▼

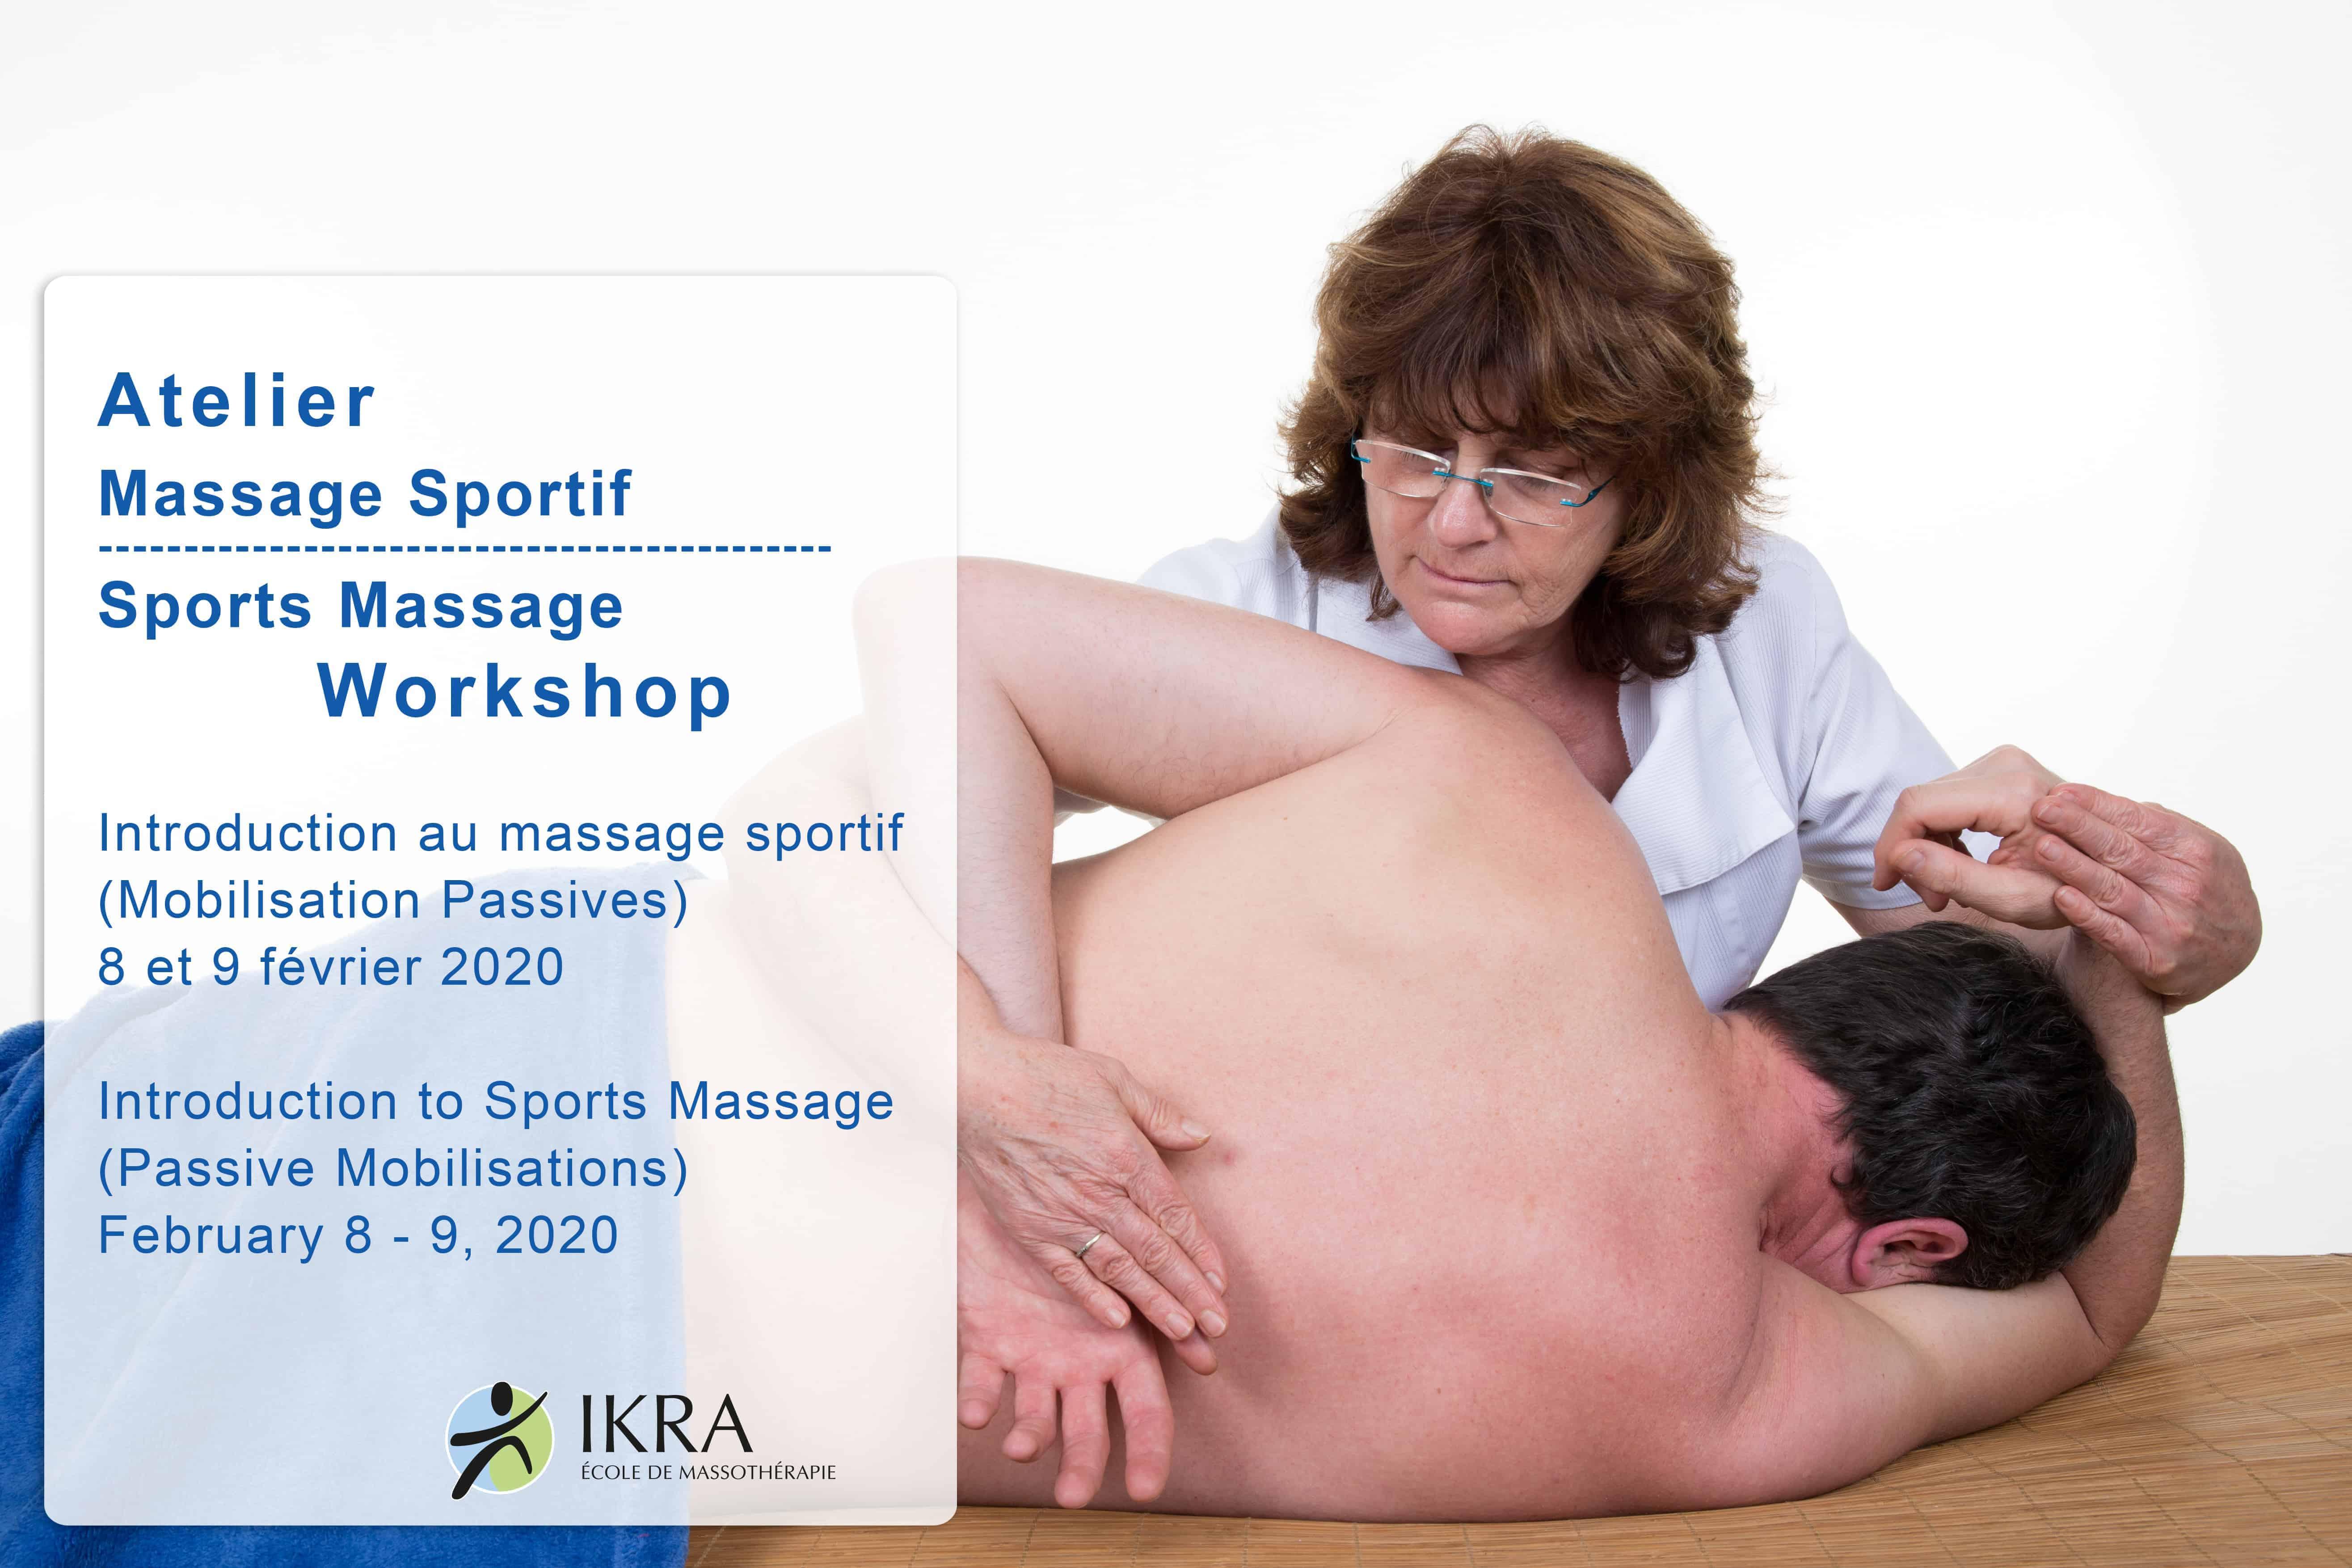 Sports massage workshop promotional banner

▲
▼

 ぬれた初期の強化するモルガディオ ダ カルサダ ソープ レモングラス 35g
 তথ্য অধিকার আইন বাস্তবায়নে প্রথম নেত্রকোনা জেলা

▲
▼

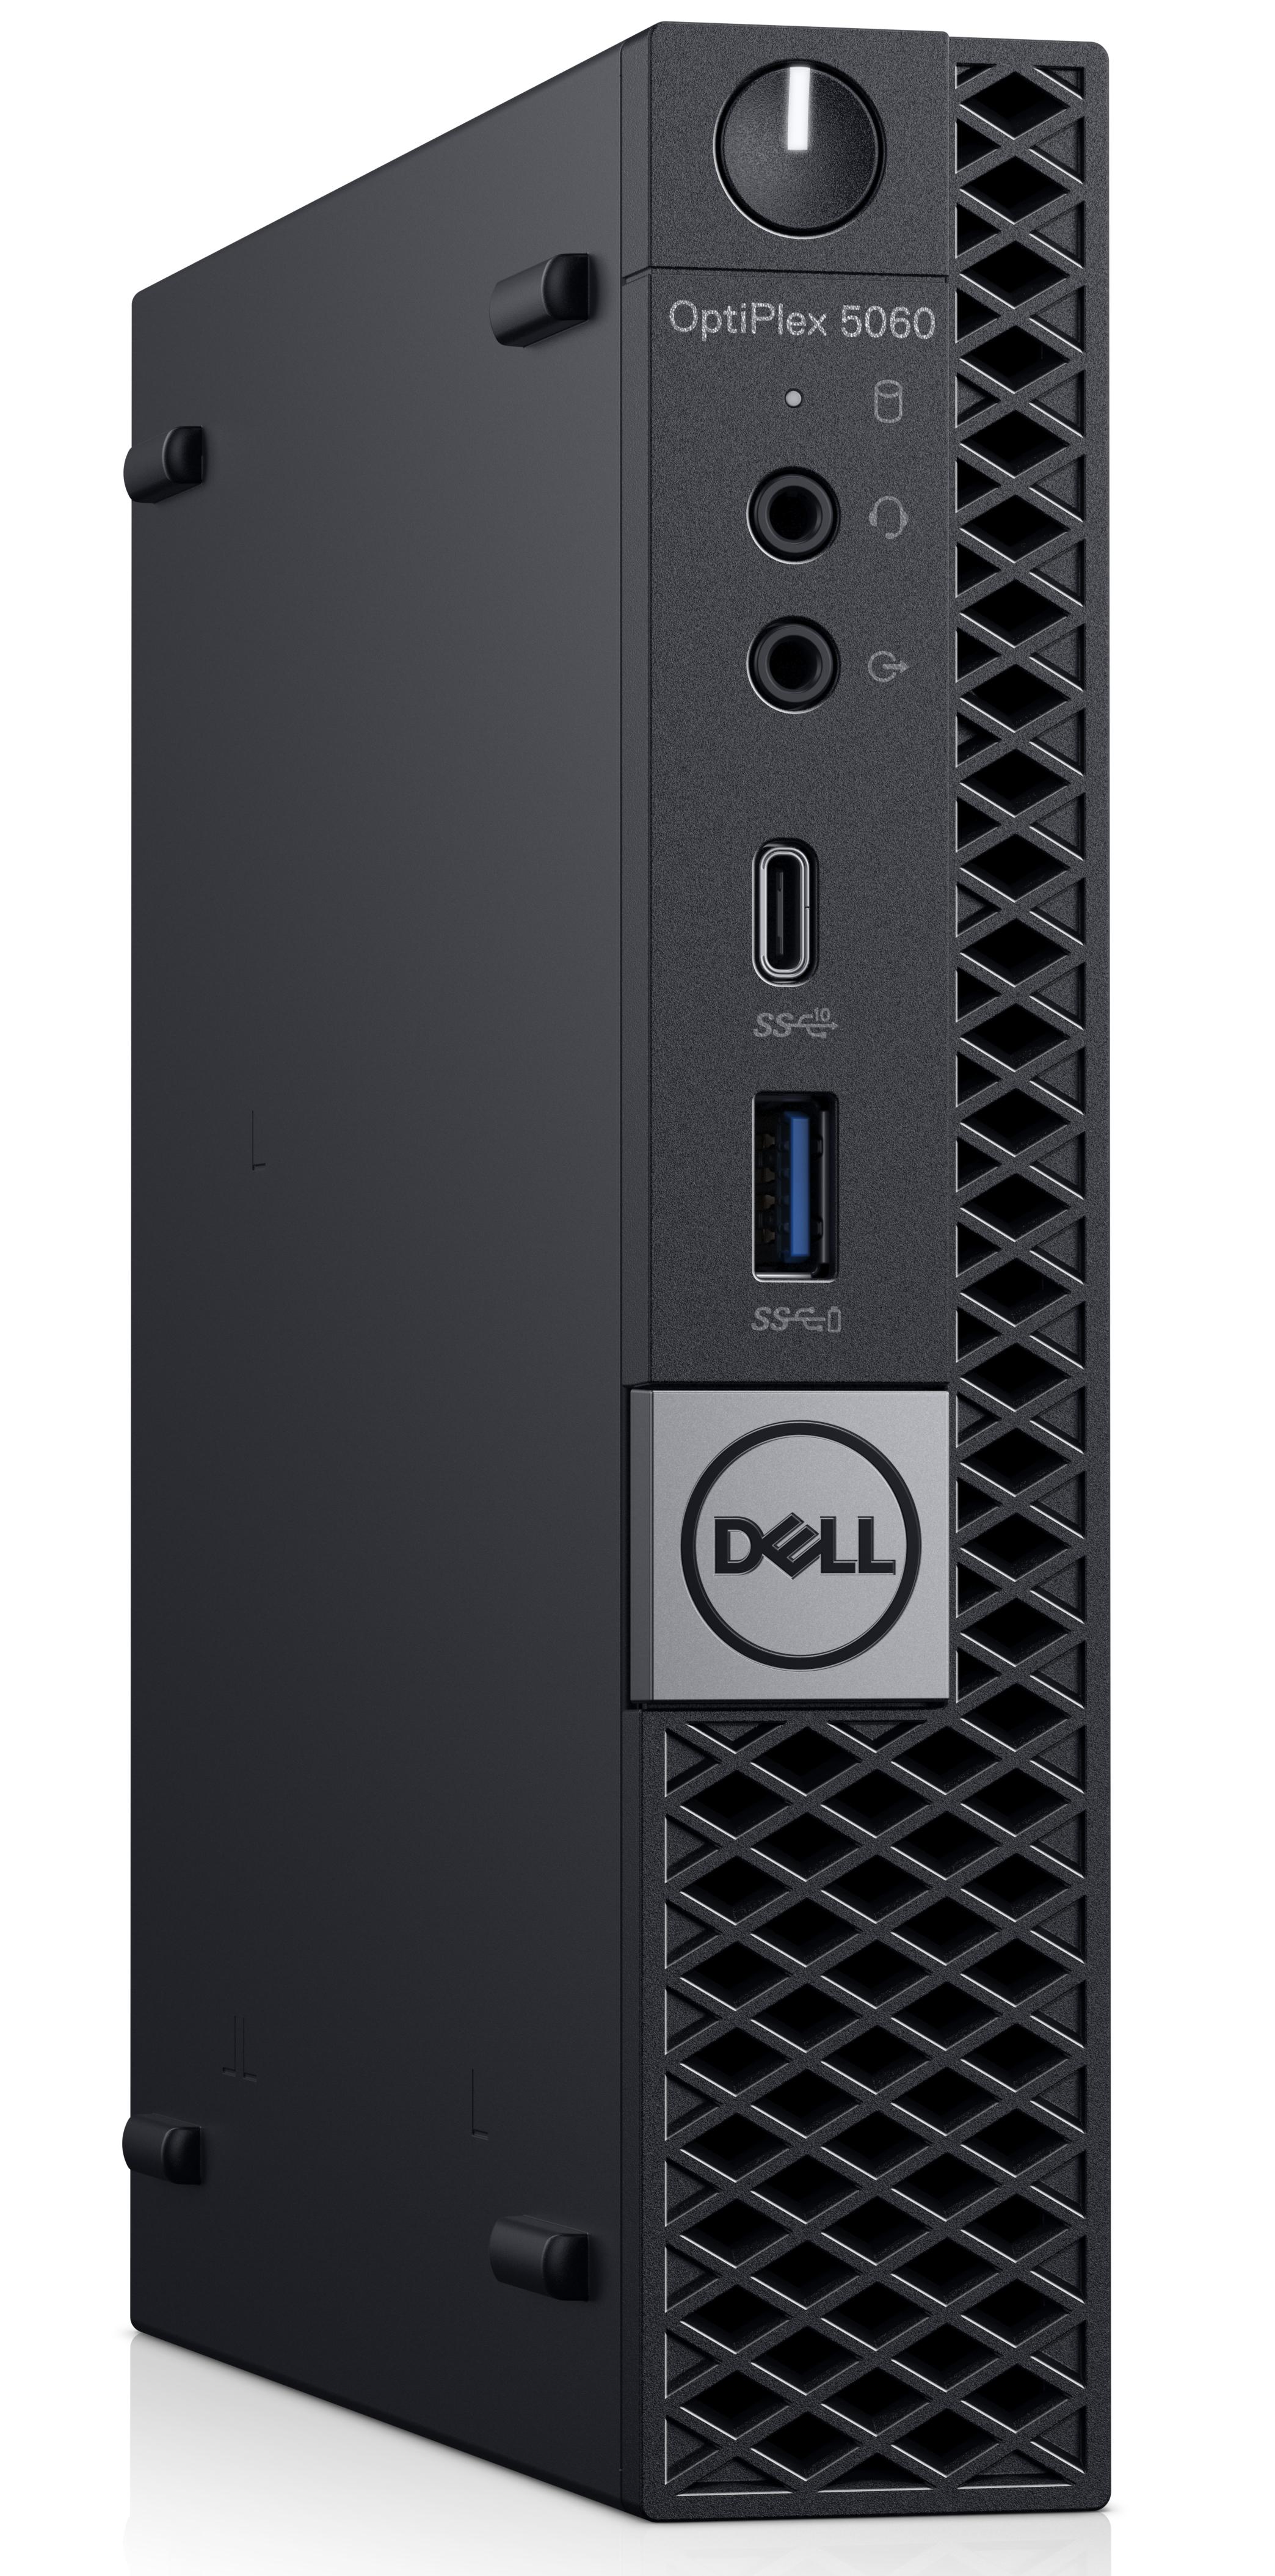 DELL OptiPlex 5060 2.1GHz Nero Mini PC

▲

▶ Task details
Reproduce the entries above exactly, but only the lines between the line holding "ぬれた初期の強化するモルガディオ ダ カルサダ ソープ レモングラス 35g" and the line holding "তথ্য অধিকার আইন", inclusive.

▶ Answer to the problem
 ぬれた初期の強化するモルガディオ ダ カルサダ ソープ レモングラス 35g
 তথ্য অধিকার আইন বাস্তবায়নে প্রথম নেত্রকোনা জেলা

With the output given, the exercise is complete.